SOURCE MATERIAL below:

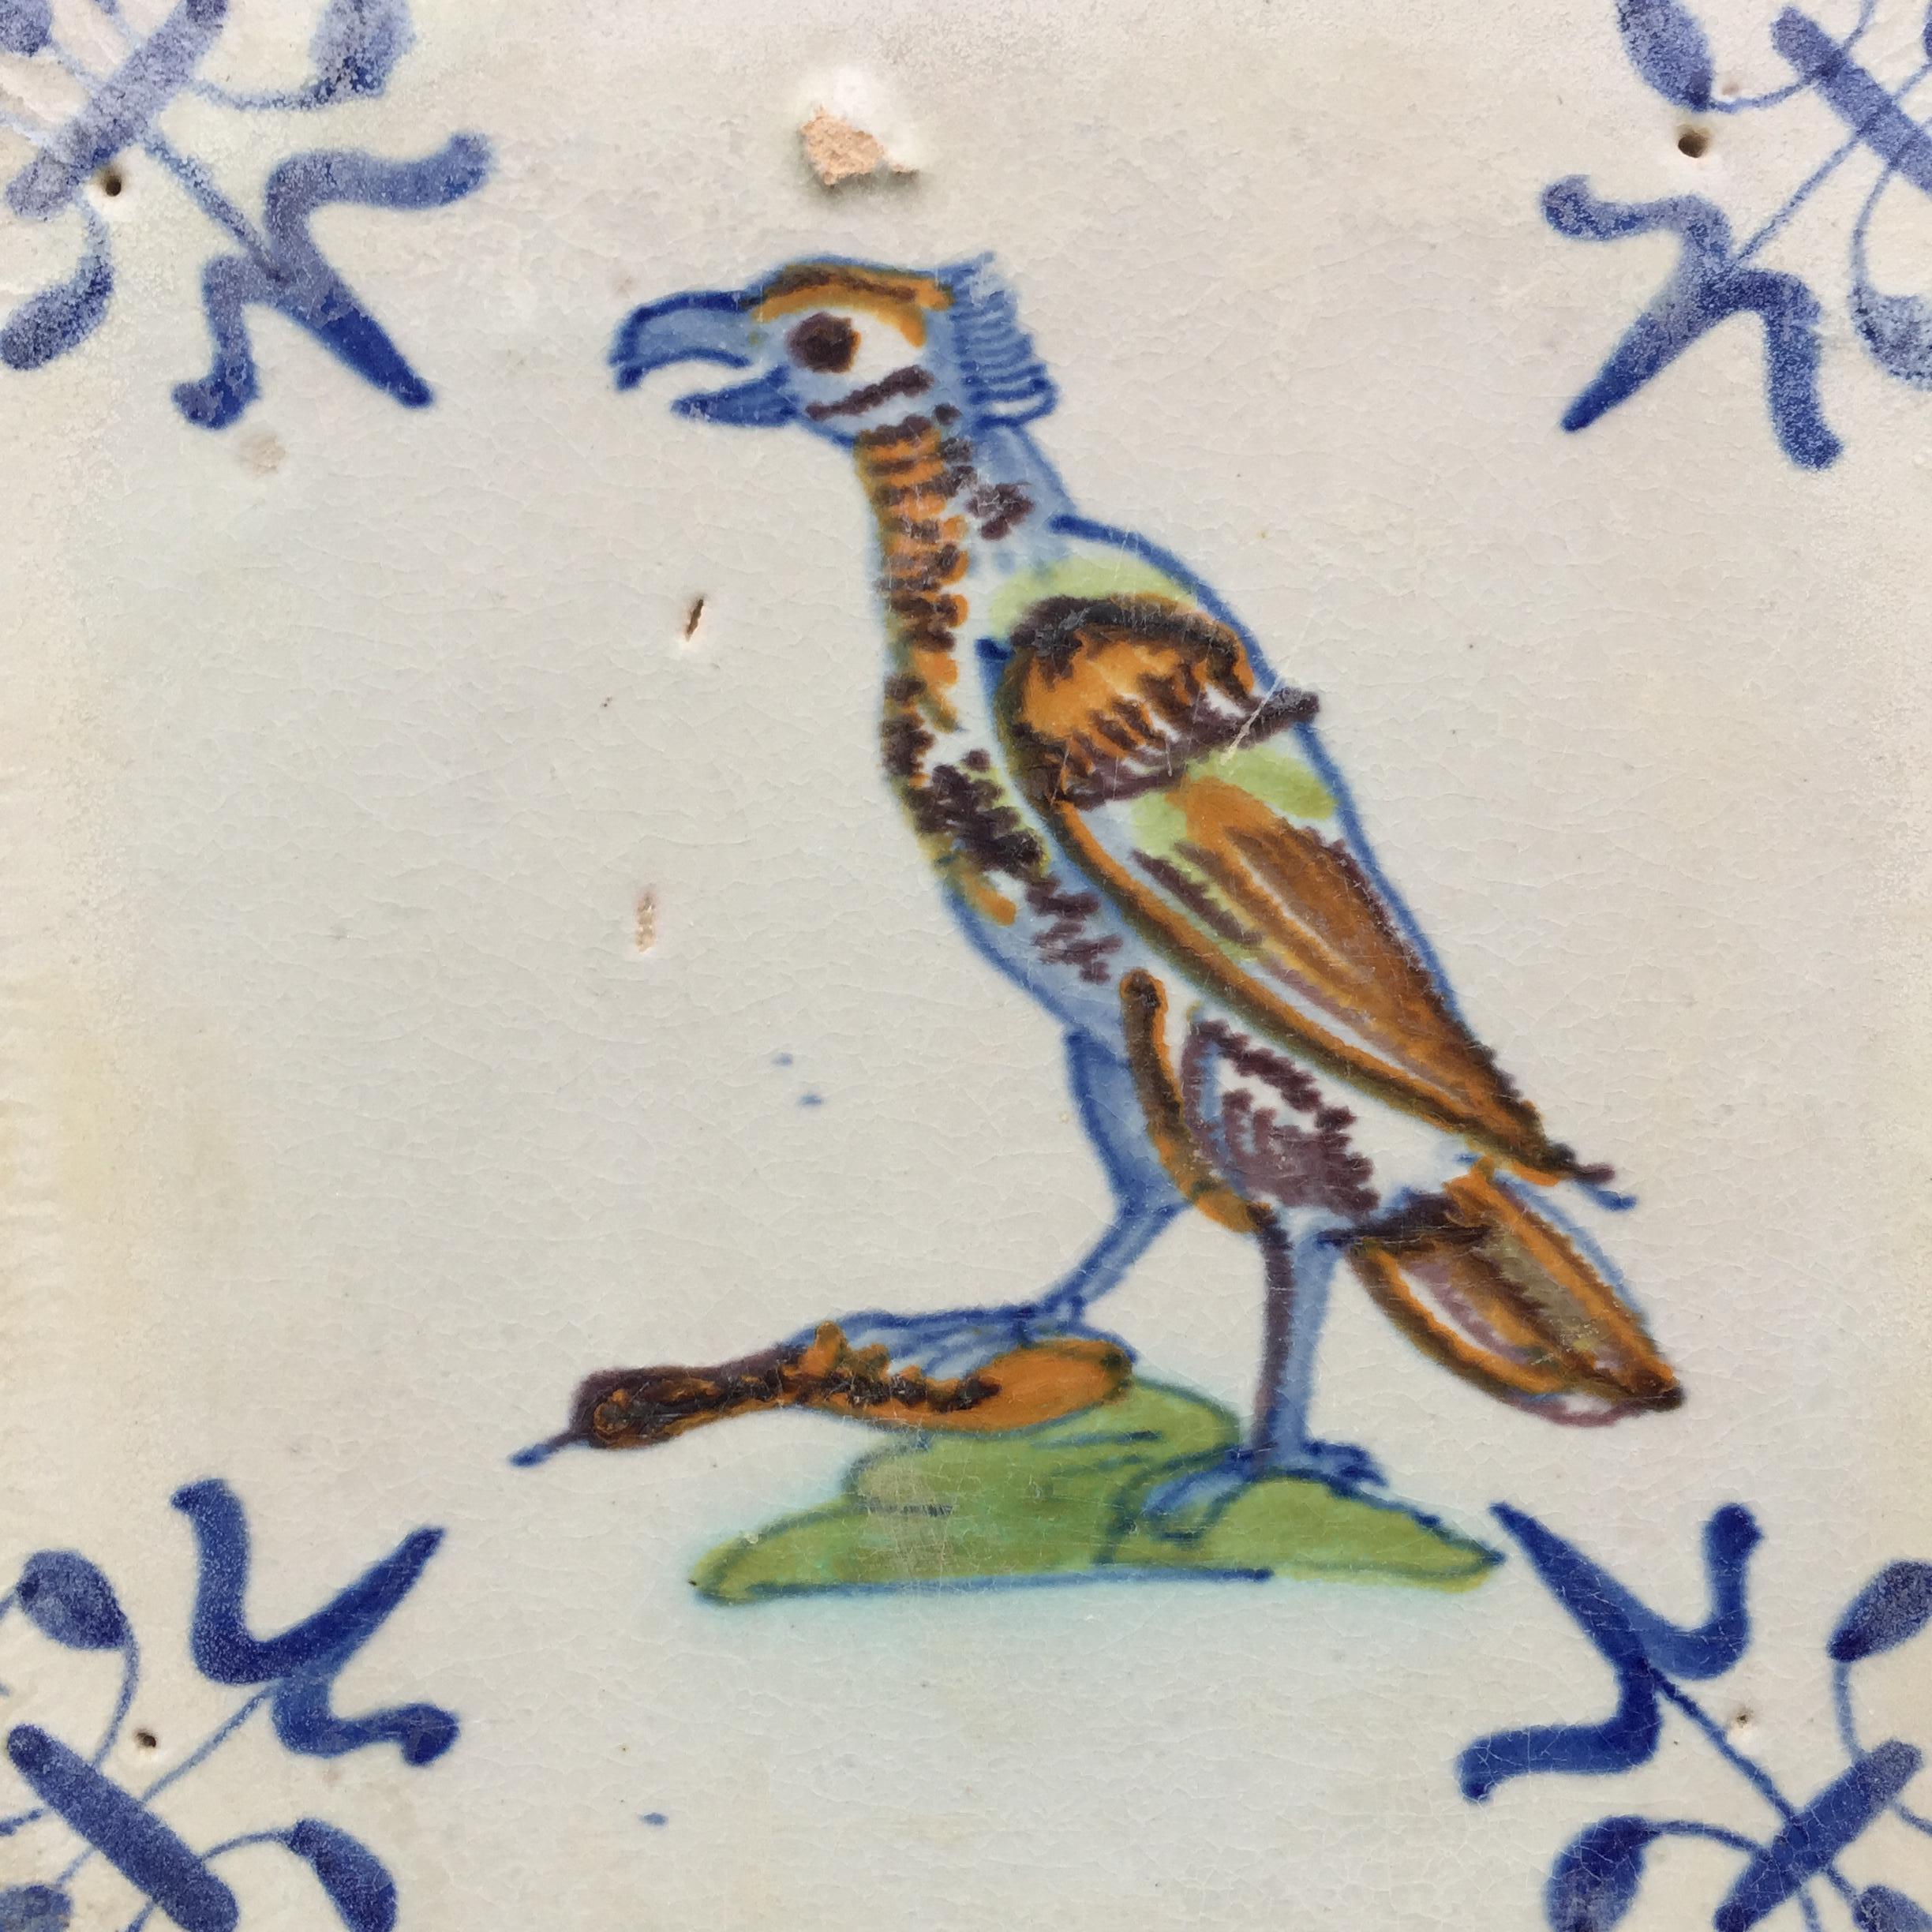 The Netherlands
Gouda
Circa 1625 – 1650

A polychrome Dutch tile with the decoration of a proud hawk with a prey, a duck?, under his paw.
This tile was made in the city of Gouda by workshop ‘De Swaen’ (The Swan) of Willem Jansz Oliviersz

End of SOURCE MATERIAL.

> [WORK INSTRUCTION]: Print the listing exactly, but skip its pictures.

> [EXERCISE ANSWER]:
 The Netherlands
Gouda
Circa 1625 – 1650

A polychrome Dutch tile with the decoration of a proud hawk with a prey, a duck?, under his paw.
This tile was made in the city of Gouda by workshop ‘De Swaen’ (The Swan) of Willem Jansz Oliviersz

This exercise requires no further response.